Im Falle der Unwirksamkeit der Auflage dürften nur die Bestattungsberechtigten die Bestattung bzw. Grabpflege vornehmen, müssten sich aber an den Inhalt der Auflage halten. Dennoch würden dabei den durch die Auflage verpflichteten "Freund" die Bestattungskosten treffen. Diese unangenehme, unklare Situation kann man dadurch ausräumen, dass der Erblasser klar bestimmt, wer - alleiniger - Inhaber der Totenfürsorge sein soll, vgl. Bestattungsverfügung.

Die Stadt Bonn will Verstorbenen ohne Angehörige würdevoll bestatten, so die Presseerklärung vom 4.3.2011 über einen Ratsbeschluss. Verstorbene, für die niemand gefunden werden kann, der der Bestattungspflicht nachkommt, würden von der Stadt Bonn beigesetzt. Zu Bestattung gehören die Aufbahrung in einem Sarg aus Vollholz, eine Trauerfeier in der Trauerhalle sowie die Kremierung und Beisetzung in einem gekennzeichneten Grab.
Die Trauerfeier findet allerdings nur statt, wenn vorab nicht ausgeschlossen werden kann, dass jemand an der Beisetzung teilnimmt. Für die Bestattung Verstorbener ohne Angehörige werden aber auch - falls dokumentiert - die Wünsche des Verstorbenen berücksichtigt. Selbst wenn Sie also keine Angehörigen mehr haben, können Sie mit einer Bestattungsverfügung die Art und Weise Ihrer Bestattung regeln.
Die Änderung der Satzung für das Friedhofs- und Begräbniswesen soll jährliche Einsparungen von rund 46 000 Euro ergeben. Bislang gehörte zu einem Begräbnis von Verstorbenen ohne Angehörige die Körperbestattung in einem Reihengrab.

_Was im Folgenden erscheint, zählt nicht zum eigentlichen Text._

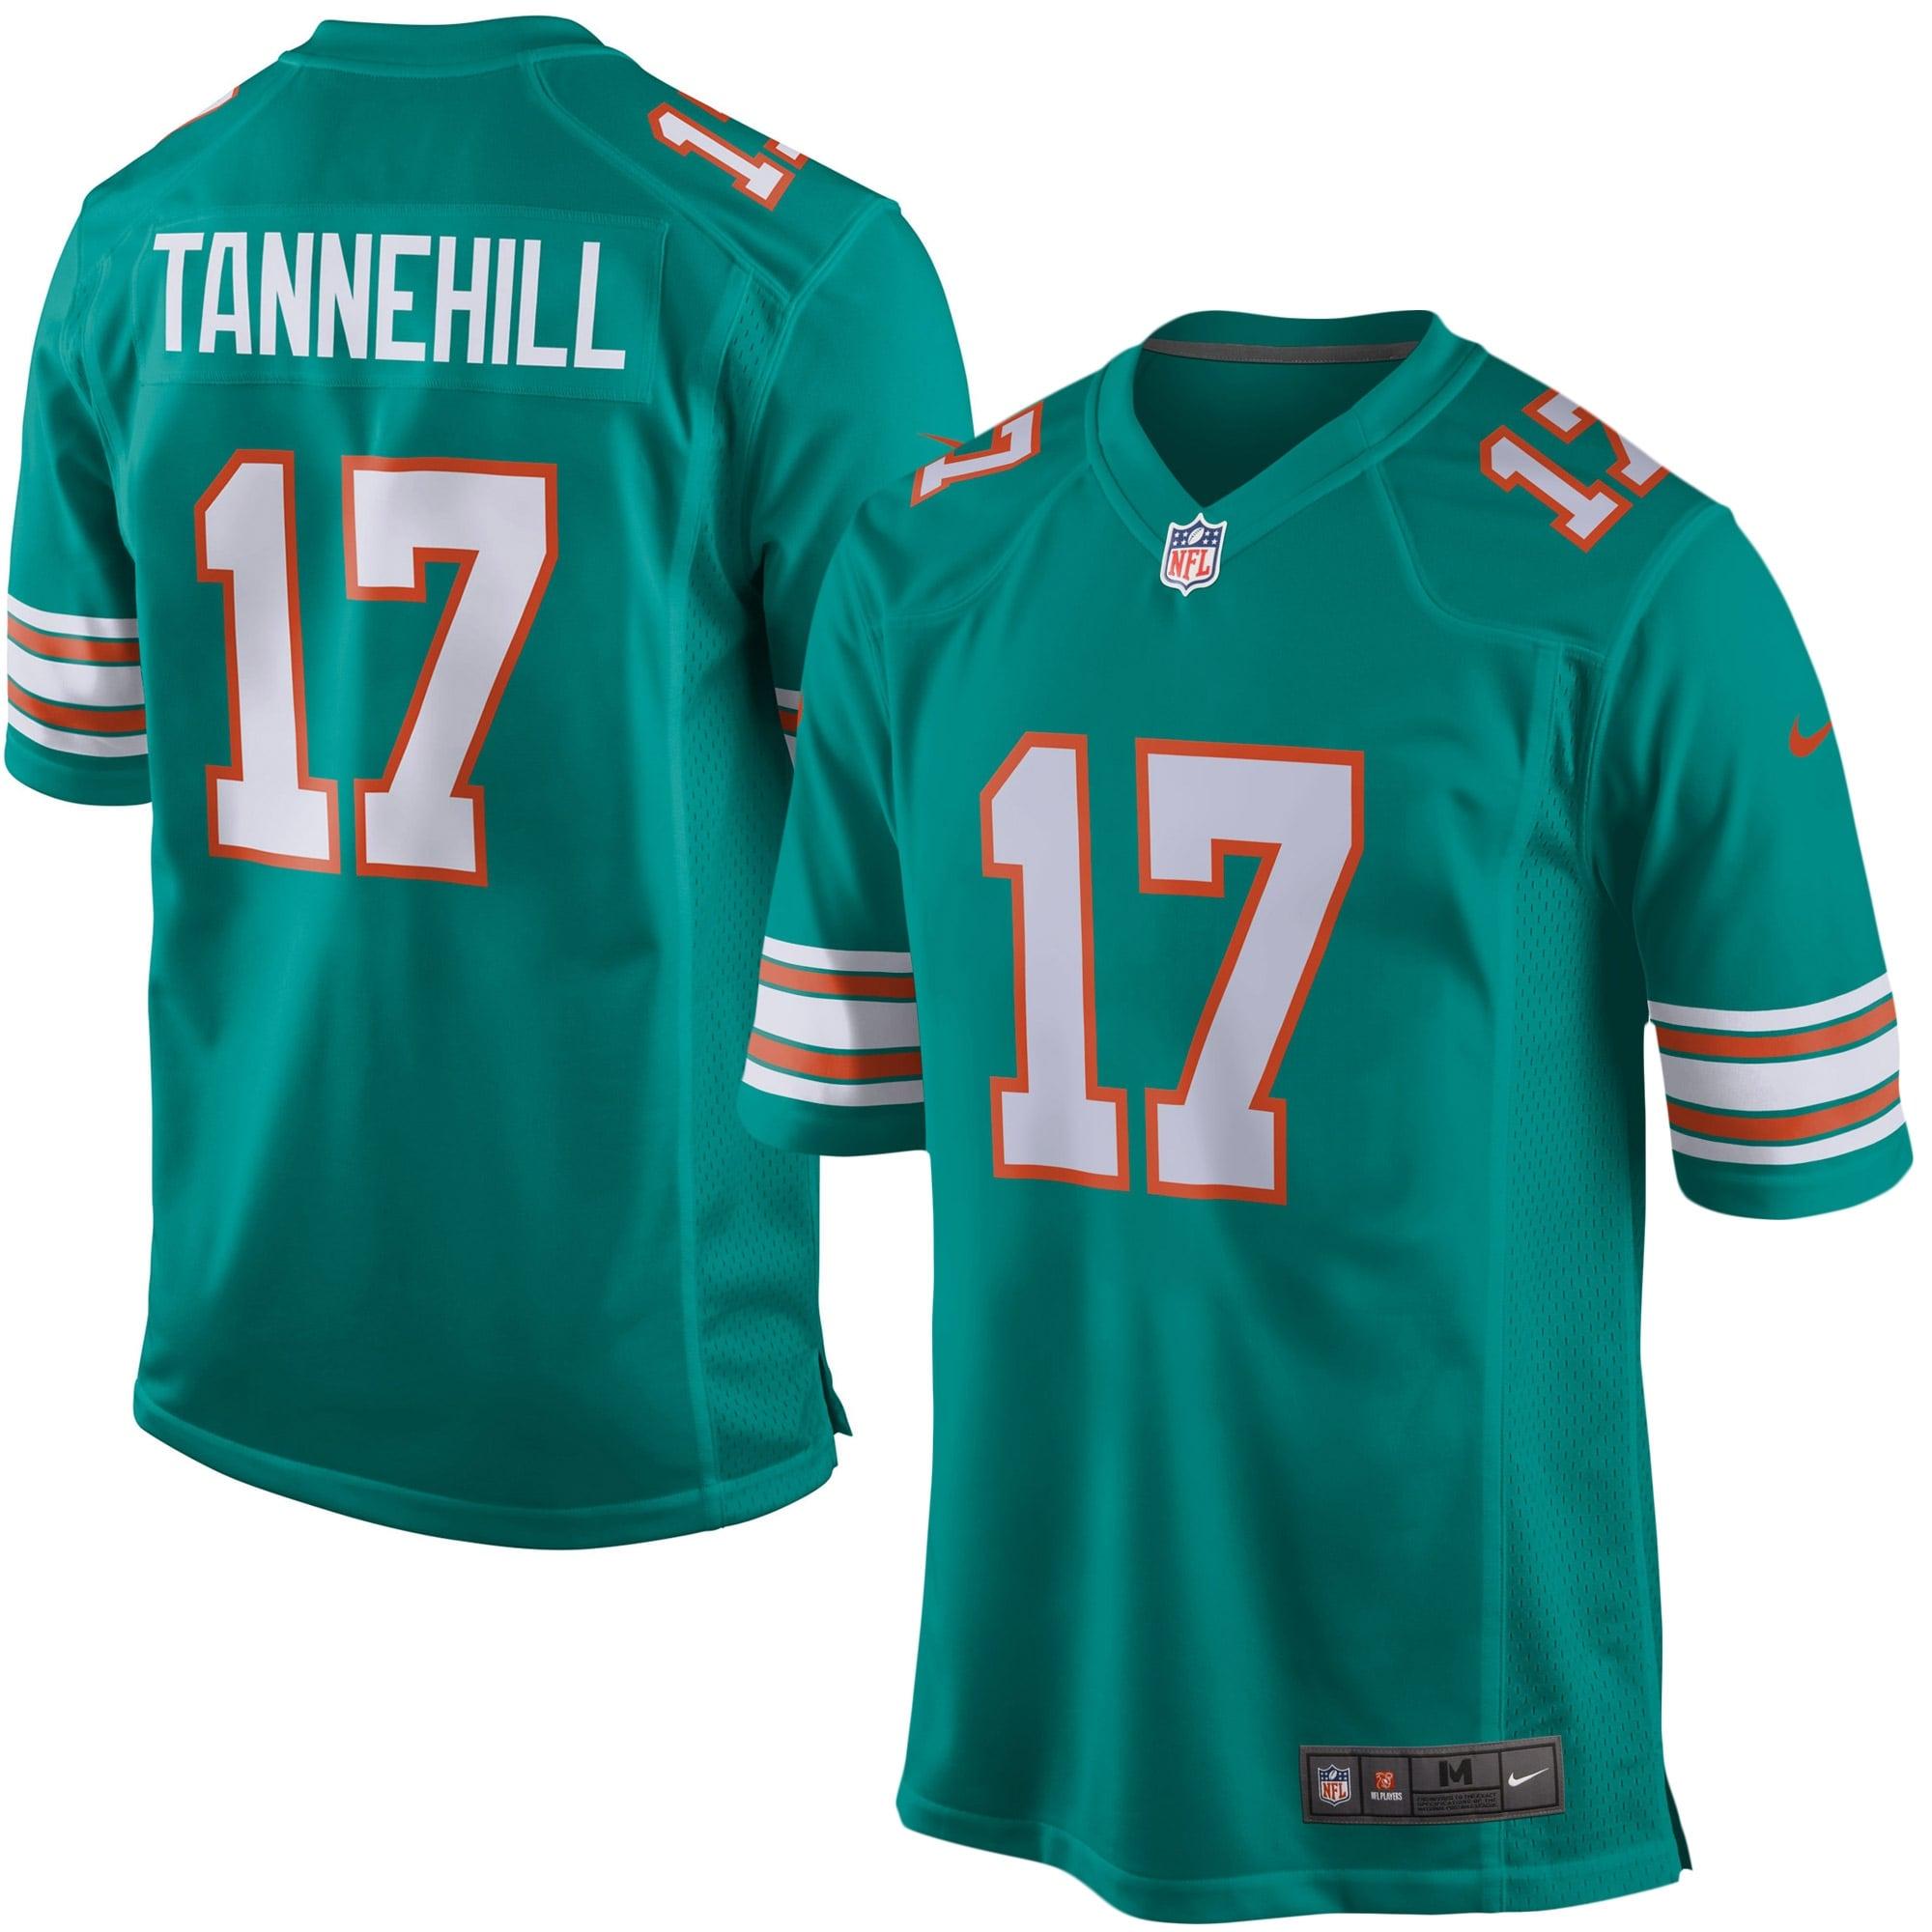 Ryan Tannehill Miami Dolphins Nike Youth Alternate Game Jersey - Aqua
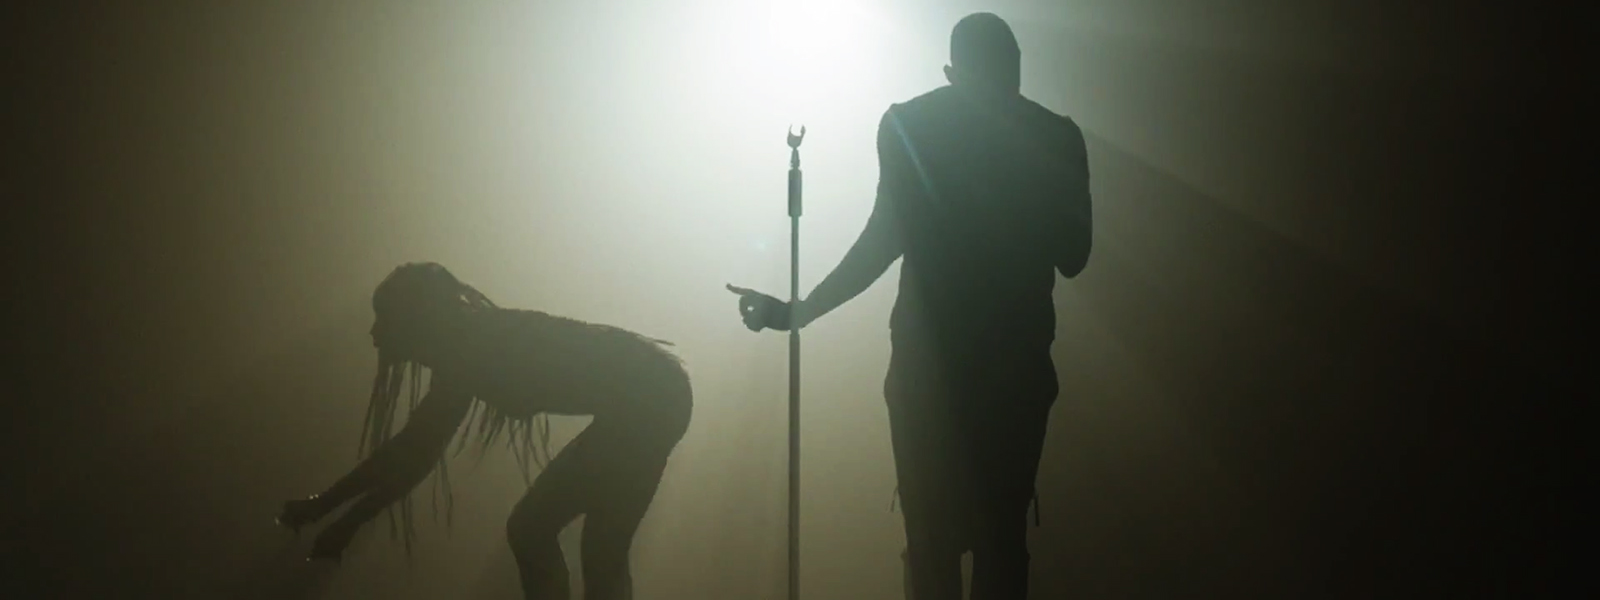 Usher – She Came To Give It To You ft. Nicki Minaj

Trauerstätte für Sternenkinder
Der Bonner Nordfriedhof bietet einen "Sternefeld" als Trauerstätte für Früh-, Fehl- oder Totgeburten - "Sternenkinder".


Seit dem 15. Mai 2013 können Eltern von totgeborenen Kindern - unabhängig vom Gewicht - die Geburt beim Standesamt dokumentieren lassen. 
Auf Wunsch der Eltern wird einen Bescheindiung für das Stammbuch der Familie asugestellt.


Memoriam Garten - Zentralfriedhof Bonn
Im Eingangsbereicht an der Gotenstraße des Zentralfriedhofs in Bonn befindet sich der Memoriam-Garten.
Er wurde 2011 durch die Friedhosfgärnter-Genossenschaft und dem Amt für Stadtgrün eröffnet. 
Solche "Errinerungsgärten" gibt es nun auch am Nord- und Südfriedhofs sowei dem Friedhof Duisdorf. 
In den Gärten werden die Verstorbenen benannt. Eine anonyme Beerdigung erfolgt nicht. 
Die Gelder für die Dauergrabpflege sollen von der Friedhofsgärnter-Genossenschaft treuhänderische verwaltet werden. 
Bei einer normalen Köperbestattung mit Stein muss mit Kosten von 10.000 Euro gerechnet werden. Günstiger sind die "Urnenprämiumgräber" und sonsitge Gemeinschaftsgräber. 
Von diesen Kosten ist die Dauergrabpflege umfasst.